In Python you can use the built-in function int to convert the string representation of a binary number into its decimal value. This function has a second optional parameter (default value: 10) that takes the base of the number whose string representation is passed as the first argument to the function.
```
>>> int('011', 2)
3
```
Write a function probabilities that takes two sequences of outcomes of coin tosses $$A$$ and $$B$$. The function must return a tuple $$(p_A, p_B)$$ containing the probabilities in a game of Penney Ante where the two given sequences compete against each other, with $$p_A, p_B \in \mathbb{R}$$.

The two sequences of outcomes of coin tosses that are passed to the functions bitsequence, odds and probabilities should not necessarily have the same length and can also be the same sequence.

Example

        >>> winner('HHH', 'THH', 'HTHTHHHHTHHHTTTTHTHH')
2
>>> winner('THT', 'TTH', 'HTHTHHHHTHHHTTTTHTHH')
1
>>> winner('THH', 'HHT', 'HHHHHHHHHHHHHHHHHHHH')
0
>>> winner('THH', 'THH', 'HHHHHHHHHHHHHHHHHHHH')
Traceback (most recent call last):
AssertionError: sequences cannot be equal
>>> winner('THHT', 'THH', 'HHHHHHHHHHHHHHHHHHHH')
Traceback (most recent call last):
AssertionError: sequences must have equal length

>>> bitsequence('HHH', 'THH')
'000'
>>> bitsequence('THT', 'TTH')
'001'
>>> bitsequence('THH', 'HHT')
'011'

>>> odds('HHH', 'THH')
(1, 7)
>>> odds('THT', 'TTH')
(1, 2)
>>> odds('THH', 'HHT')
(3, 1)

>>> probabilities('HHH', 'THH')
(0.125, 0.875)
>>> probabilities('THT', 'TTH')
(0.3333333333333333, 0.6666666666666666)
>>> probabilities('THH', 'HHT')
(0.75, 0.25)

Resources

Collins S (1982). Coin sequence probabilities and paradoxes. Bulletin of the Institute of Mathematics and its Applications 18, 227-232.
Felix D (2006).
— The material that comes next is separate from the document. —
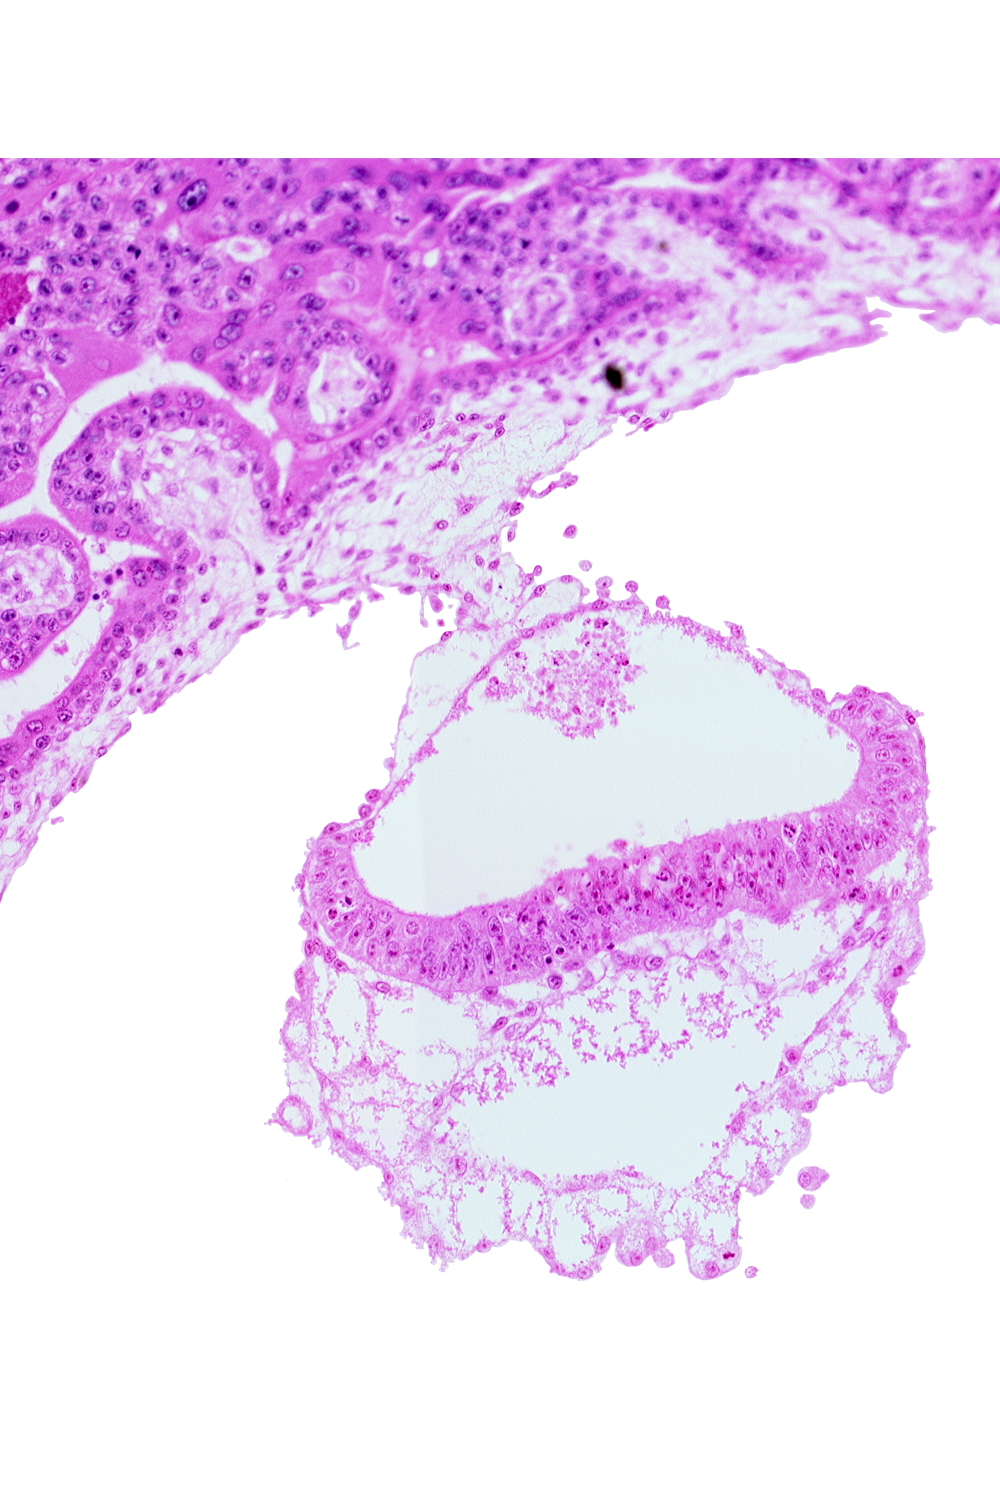 connecting stalk, extra-embryonic coelom, junction of amnion and epiblast plate, primordial blood vessel(s), two-layered amnion, umbilical vesicle wall

Optimal Penney Ante strategy via correlation polynomial identities. The Electronic Journal of Combinatorics 13. ¹
Gardner M (1974). On the paradoxical situations that arise from nontransitive relations. Scientific American 231(4), 120-125.
Gardner M (1988). Time travel and other mathematical bewilderments. W.H. Freeman, 55-69. ²
Nickerson RS (2007). Penney Ante: Counterintuitive probabilities in coin tossing. The UMAP journal 28(4), 503-532. ³
Nishiyama Y (2010). Pattern matching probabilities and paradoxes as a new variation on Penney's coin game. International Journal of Pure and Applied Mathematics 59(3), 357-366. ⁴
Nishiyama Y, Humble S (2014). Winning odds. Plus Magazine 55. ⁵
Penney W (1975). Problem 95: penney-ante. Journal of Recreational Mathematics 7(4), 3217.